The Ganymeans were dubious that anything could be done to reconstruct the memories of Gina’s that had been overwritten. Nevertheless, she allowed VISAR to go over the recollections that now existed in her mind to see if it could find any seams. It processed, correlated, reinterpolated, and analyzed the data in every way that offered a shred of hope that some vestige of what she had actually experienced during the missing hours might be extracted, but the results were uniformly negative. Essentially, the elements of a pattern had been rearranged. The information carried in the previous arrangement was gone, and no amount of juggling could re-create it. As Hunt observed, it was like asking a position in a chess game to say something about the previous game played by the pieces.

All that could be said for sure was that from some time after leaving PAC with Baumer-which couldn’t be pinpointed since it was no longer possible to compare Gina’s story with his to establish where they diverged-to some time before she walked back into PAC, something had happened that was different from what she remembered. And that was probably all that would ever be known. But if a conclusive pointer existed anywhere to the organization that Cullen was looking for, that was where it lay concealed.

Then Calazar, on behalf of the Thurien-Terran Joint Policy Council for Jevlen, formally notified Garuth that a move to terminate the Ganymean custodianship of Jevlen was being actively considered. Nobody was blaming Garuth or his colleagues from the Shapieron, who, Calazar readily acknowledged, had made a magnificent attempt, under impossible circumstances, at a task whose problems had been greatly underestimated.

“We have to accept that our very different origins and the temperament that they confer do not equip us to comprehend this race, let alone direct its affairs,” Calazar said. “The entire history of our own dealings with the Jevlenese was insufficient to teach us what should have been obvious. Therefore we shall accept the counsel of those whose perception has been shaped by a better guide.”

Which was as direct an admission as could be asked for that henceforth the policies of JPC would be determined by humans, with the Thuriens effectively endorsing whatever they decided. Putting in a Terran occupation force would only be a matter of time after that.

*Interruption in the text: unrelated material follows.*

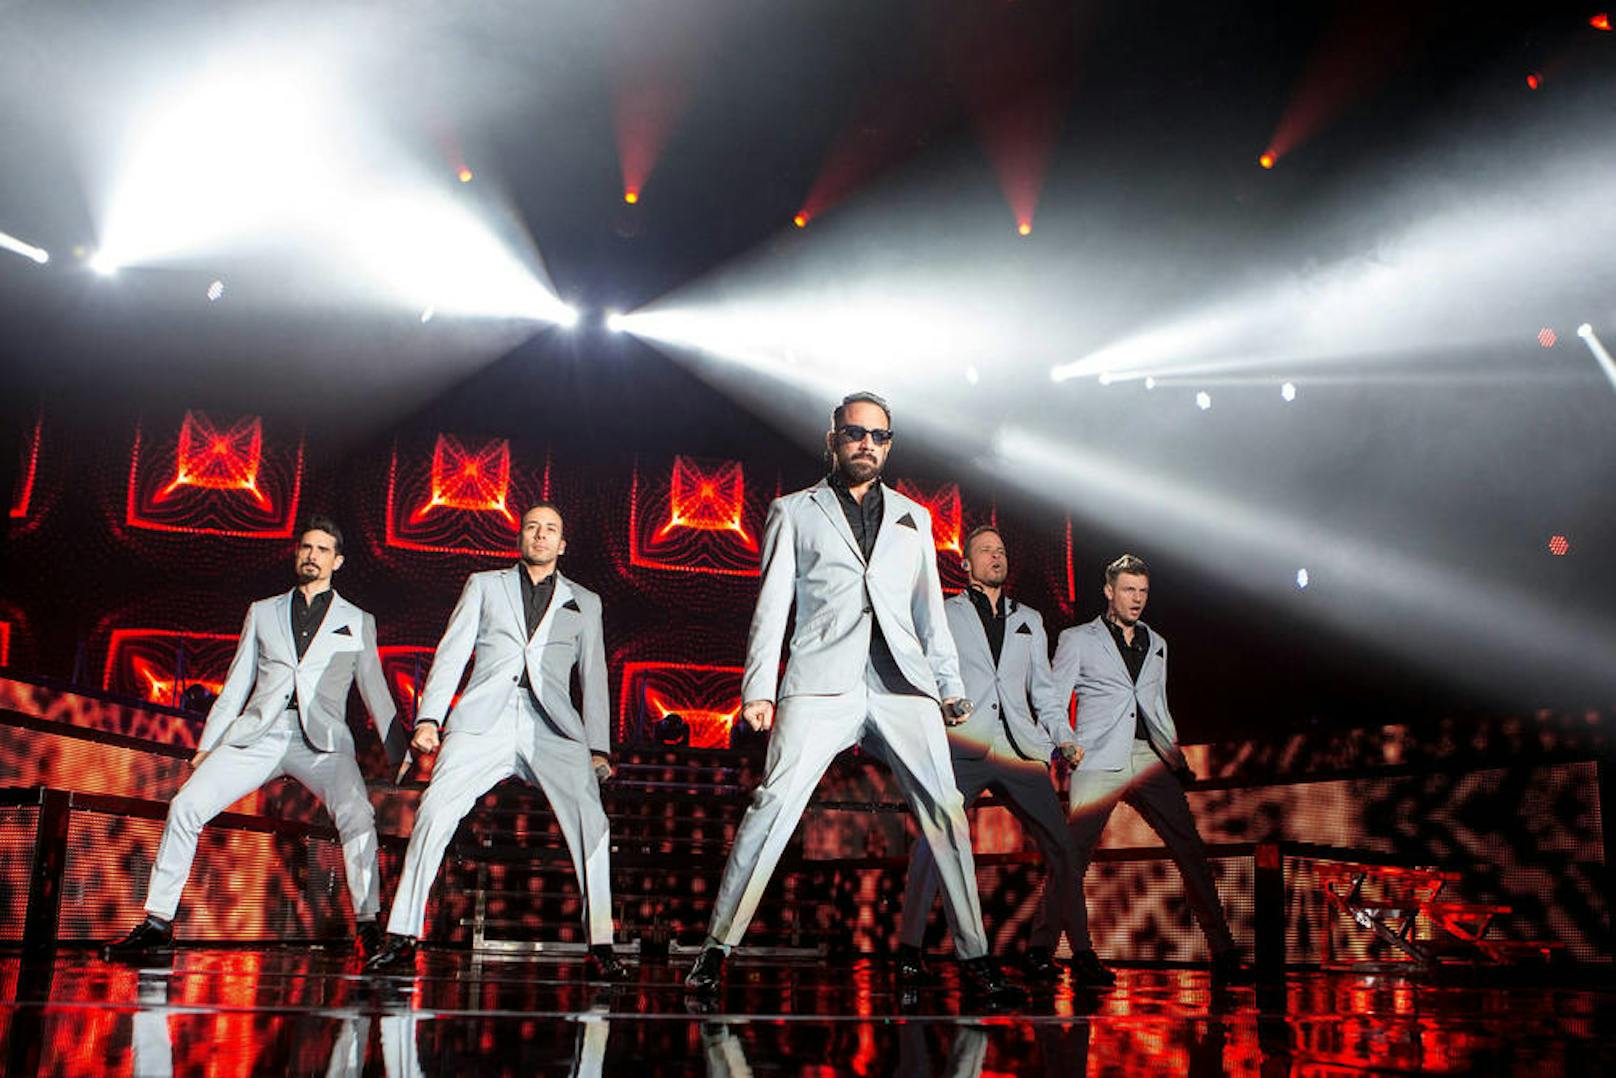 Die Backstreet Boys live in Manchester, April 2014

An hour or so after Garuth announced the news, Hunt, Cullen, Danchekker, a dejected Garuth, and Shilohin assembled in Garuth’s office. Caldwell, who had confirmed to nobody’s surprise that General Shaw was a fiction, joined in from Goddard, appearing on a screen via a link through VISAR and ZORAC.

There was one last angle that Hunt could think of to try and stall things. “What are the chances, Gregg,” he asked, “of you getting back to JPC through UNSA somehow and seeing if we can get them to put a hold on it? I mean, you can see the kind of outfit we’re up against here: riots in the streets, assassinations, kidnapping and mind-editing, lethal chips in people’s heads. And Dell’s convinced he’s getting really close. It just needs another break. If this team is pulled out now, we’ll lose the lot.”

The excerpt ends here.